[Action item] Using the records below, copy exactly the part that opens with the line holding "Silicone G-Spot Rabbit - Purple" and closes with the line holding "Daily Iowan (Iowa City, Iowa), 1953-05-22", minus the pictures.

[Information provided]
──────────

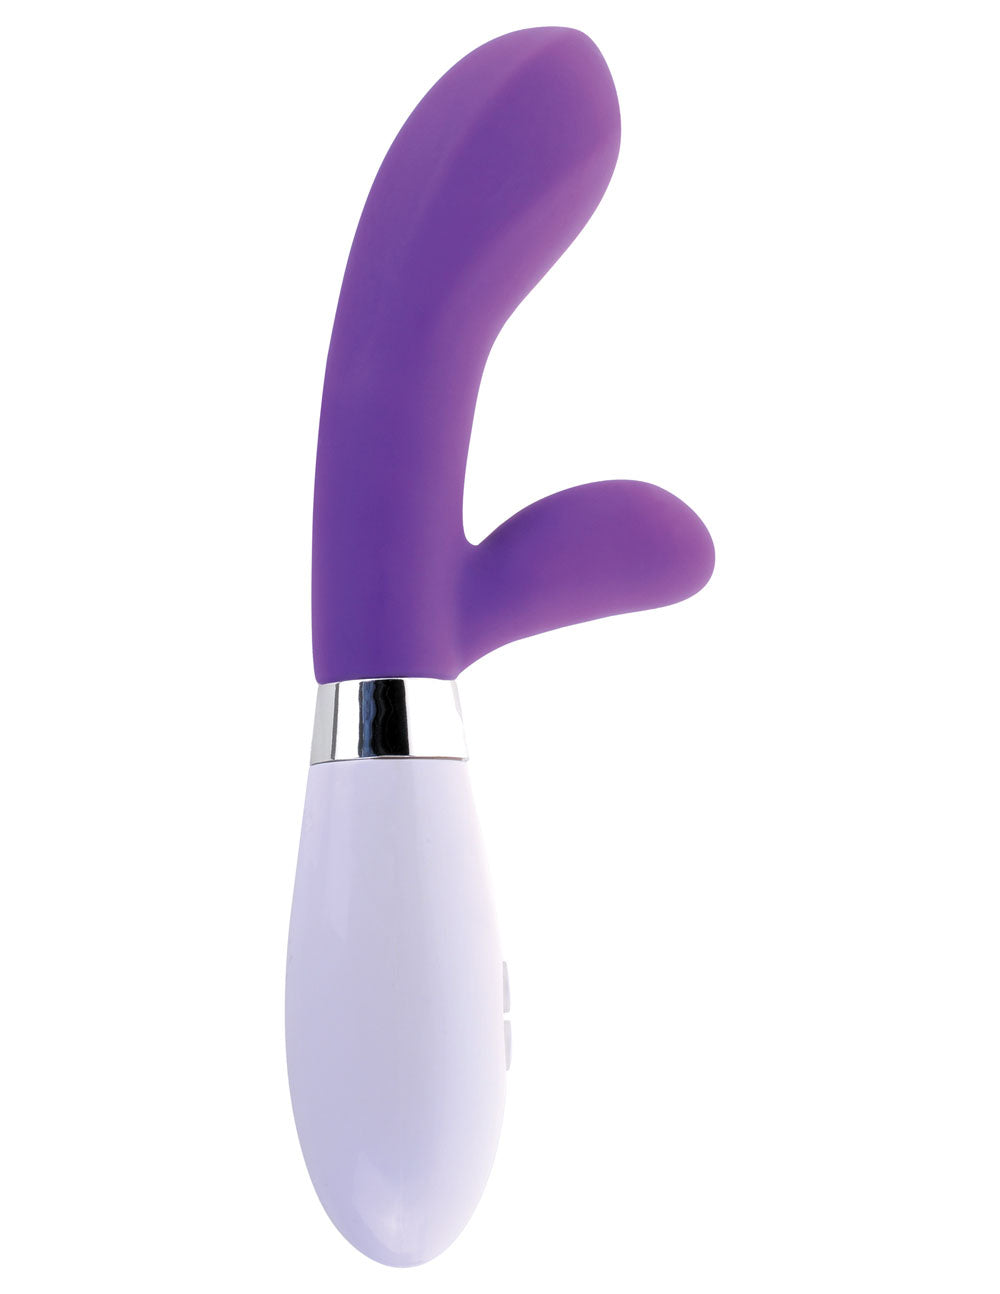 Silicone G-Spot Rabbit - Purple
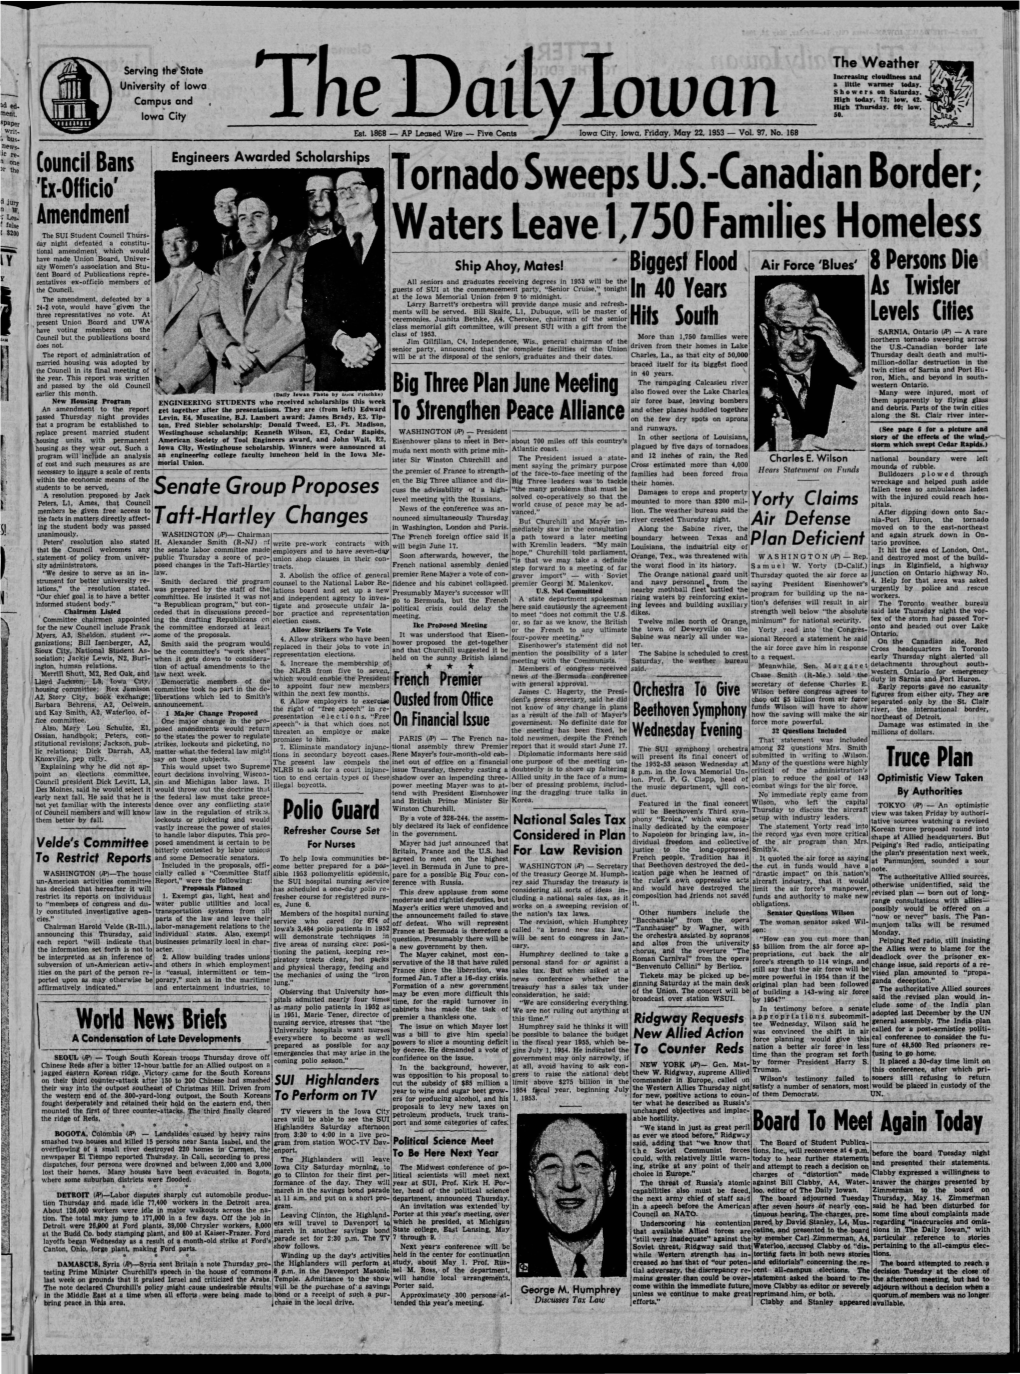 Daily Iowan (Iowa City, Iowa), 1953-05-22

──────────

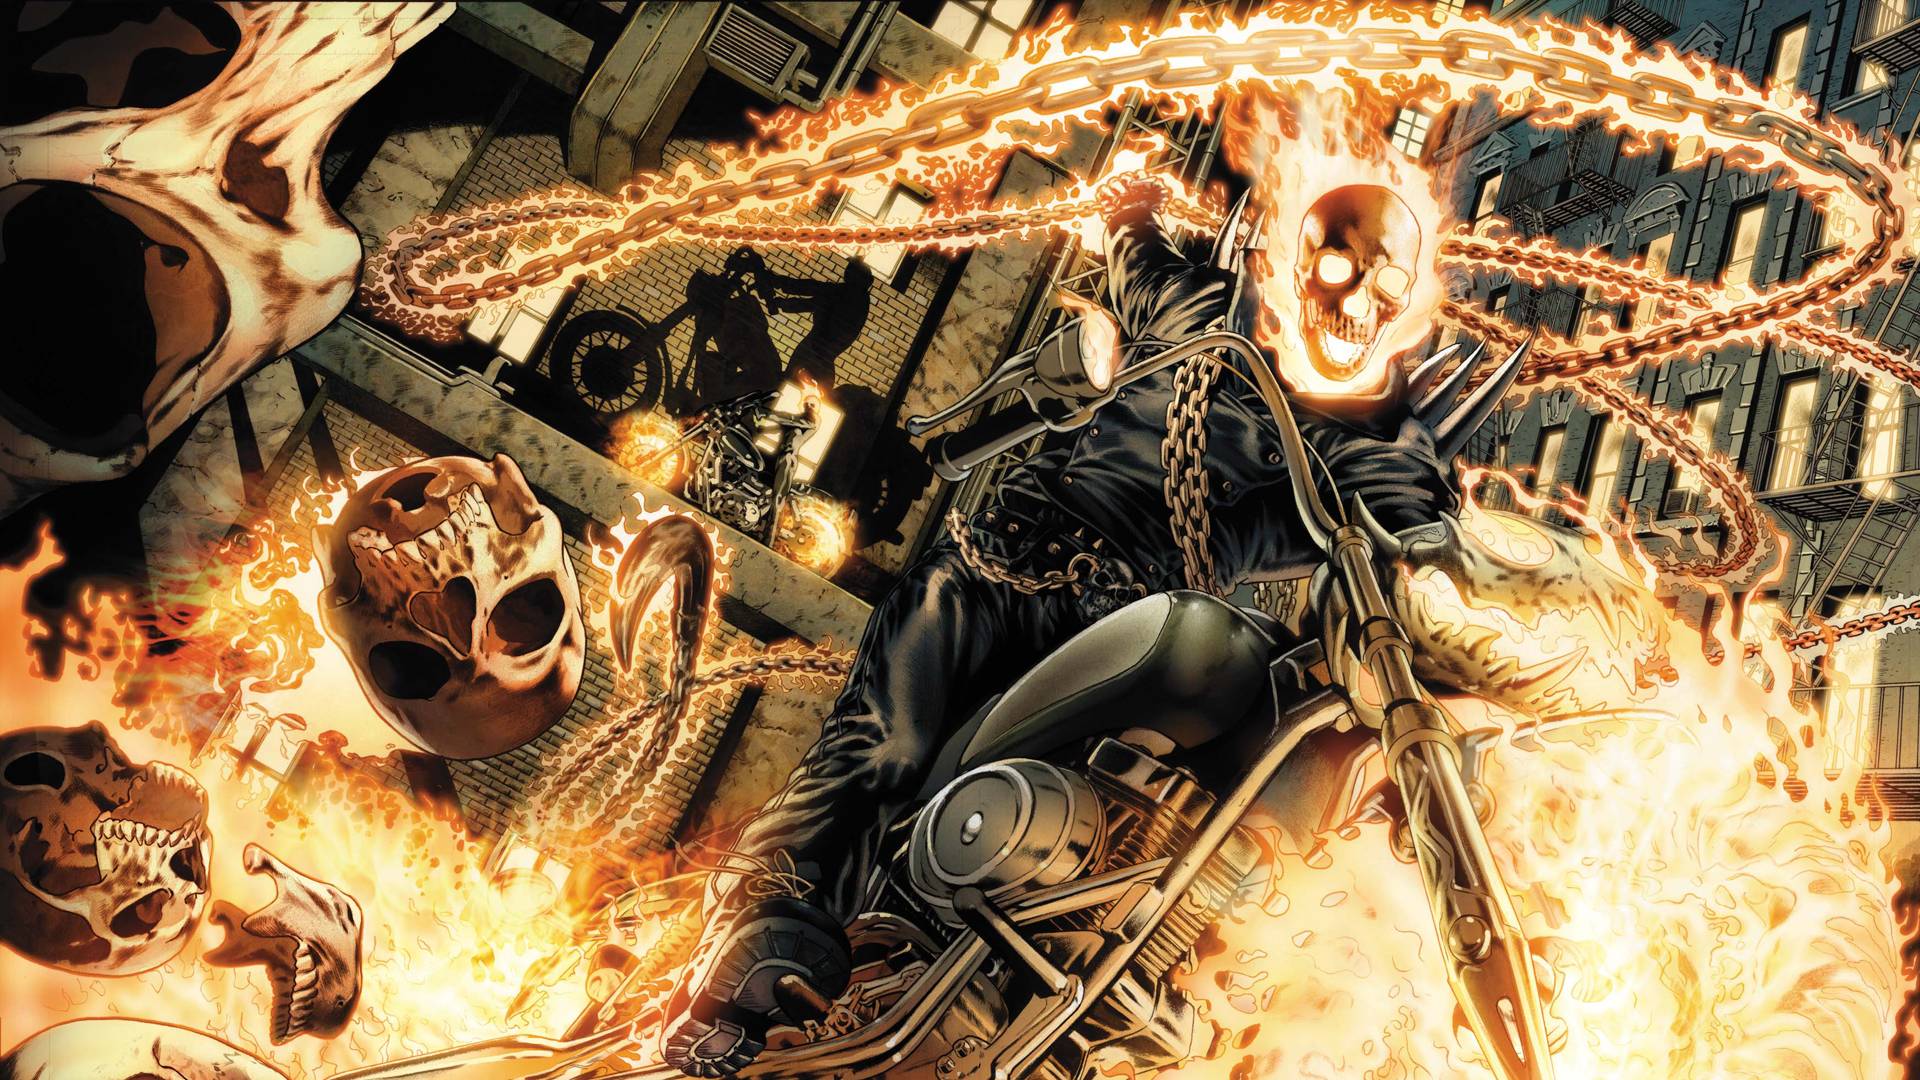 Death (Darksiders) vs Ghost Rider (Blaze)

──────────

[Result of the exercise]
 Silicone G-Spot Rabbit - Purple
 Daily Iowan (Iowa City, Iowa), 1953-05-22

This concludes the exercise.